Posted on: April 5, 2017 | Posted by: Alison Miller

The number 4 figures loudly and persistently for me this year.

The month of March figures just as hugely.

The end of May rings loudly in my heart too.

 

Chuck and I lived on the road, adventuring in our Happily Homeless travels, for 4 years.

In those 4 years, we traveled all of the lower 48 states and oh, the sights we saw.  I saw places and things I only ever thought to see in picture books.

I remember standing in front of Mt Rushmore, and saying to Chuck I can’t fucking believe I’m seeing this.

Driving through the Badlands of South Dakota and visiting Pine Ridge Indian Reservation, and visiting their cemetery; the strong and beautiful Native American names marking the graves of those who’d died.

Together, Chuck and I trod in the footsteps of those who came before us, hundreds of years as our country was settled.  We stared into dried wagon wheel tracks and heard the heart-wrenching stories of loss along the trail.

We visited the site of Little Big Horn, where Custer and Sitting Bull fought on that hot June day of 1876, as wives and sisters waited back at Ft Lincoln, only to have a rider stumble in and gasp that all were wounded none missing all dead.

We saw so much together, and our Love grew as we sat 2 feet across from one another for those 4 years and talked about everything and nothing and grew our friendship and marriage and passion. 

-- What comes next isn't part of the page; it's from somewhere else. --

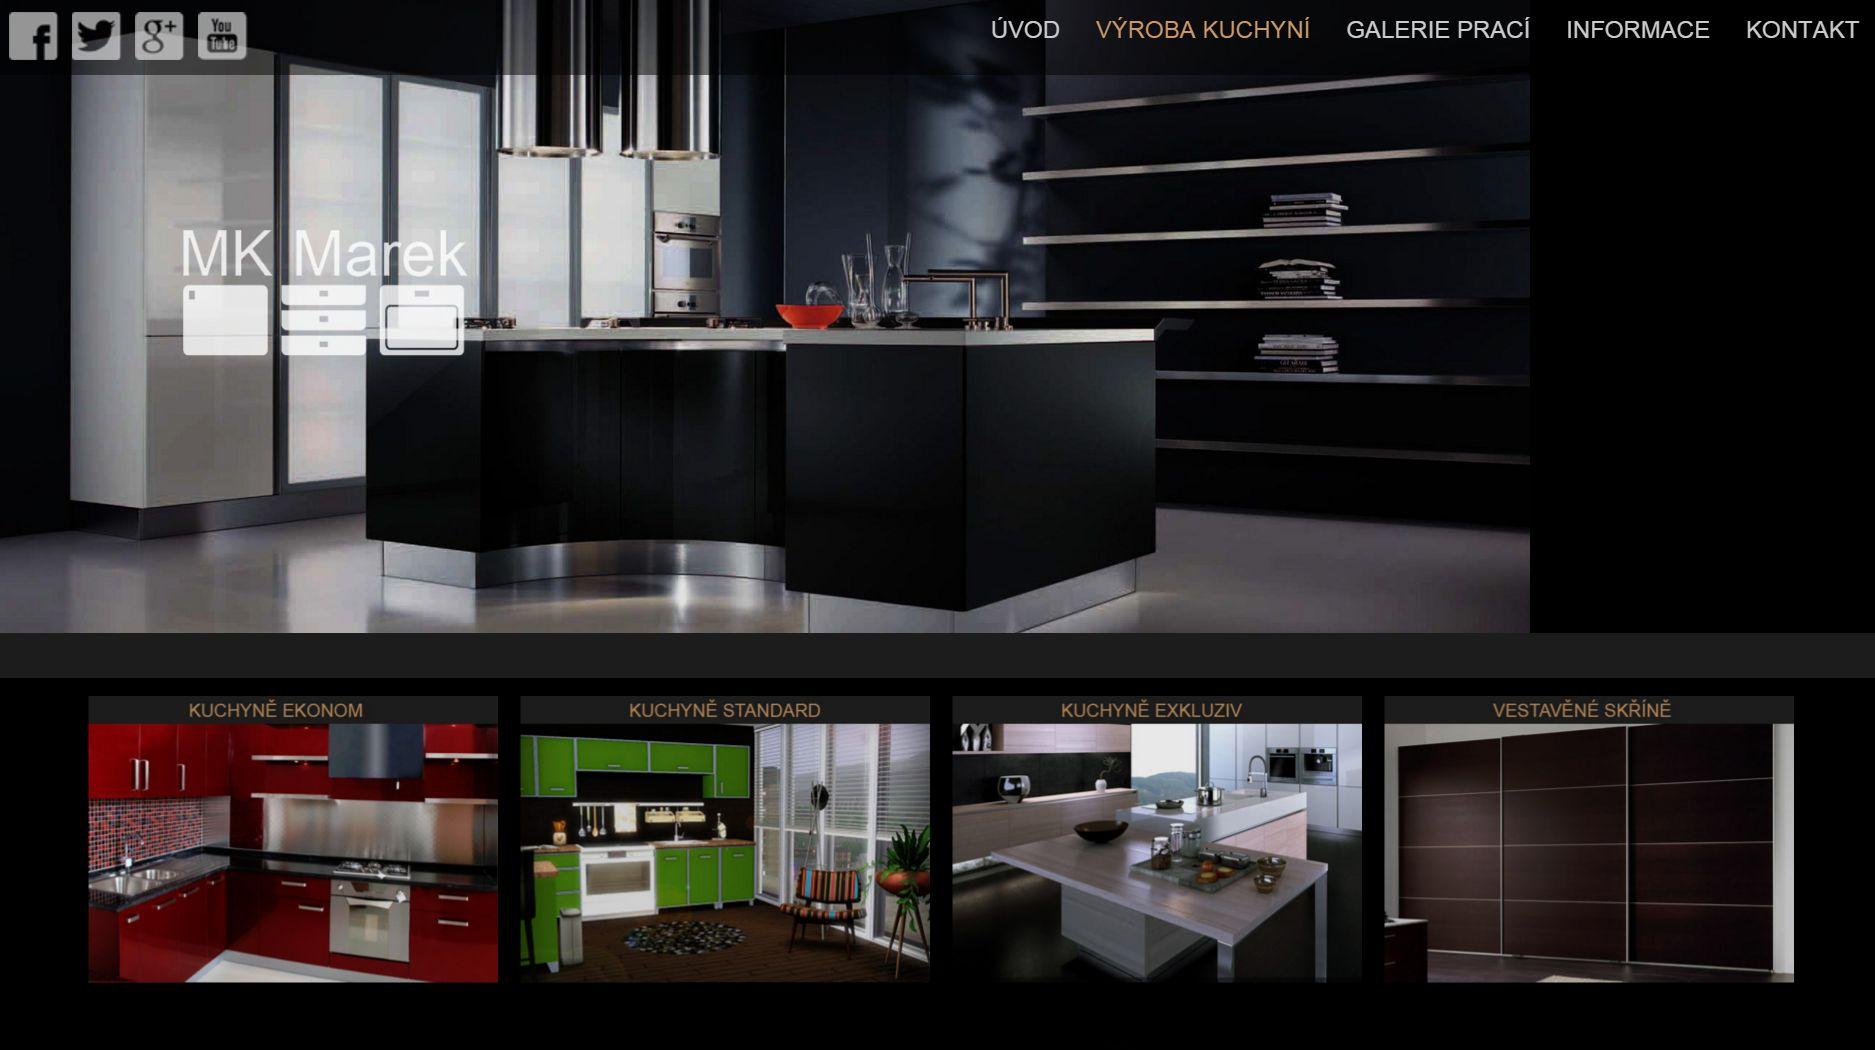 Výroba kuchyní - truhlářství MK Marek

It was a spectacular 4 years.

At the end of May, I’ll have been on the road solo, on my Odyssey of Love, for 4 years.  I’ve gone from anxiety about towing a trailer, with no clue about camping, uncertain of my road, literally and figuratively, to being able to back my rig up on a fucking dime or do a k-turn in a tight spot. I’ve criss-crossed the country 8 times and I’m just shy of 100,000 miles on my car and trailer combined.  I’ve met hundreds of people and am now friends with widow/ers around the country.

4 years solo.  8 years altogether, living on the road, counting my years with Chuck.

March is the month his first cancer struck.  He went through 5 major surgeries to eradicate it.  I was his nurse for each of them. From the moment of finding out, and the accompanying horror, and the tears of anxiety and fear to tears of relief when they told us he had excellent odds that the cancer was gone, gone, gone, never to be seen again.  My beloved husband was the first ever cancer survivor I’d ever known.

March is also the month I took him to the ER out in southern CA, where they admitted him to the hospital, from which he never came home.  He went from there to hospice, where he died 3 weeks later.

March is a really mixed up month for me. 

The end of May, 2009, is when our house in NJ finally sold and we had the closing and packed up a truck and our car and set out on our adventures. 

The end of May, 2013, is when I loaded up our car, out in southern CA and put Chuck’s cremains in the shotgun seat and began my Odyssey of Love.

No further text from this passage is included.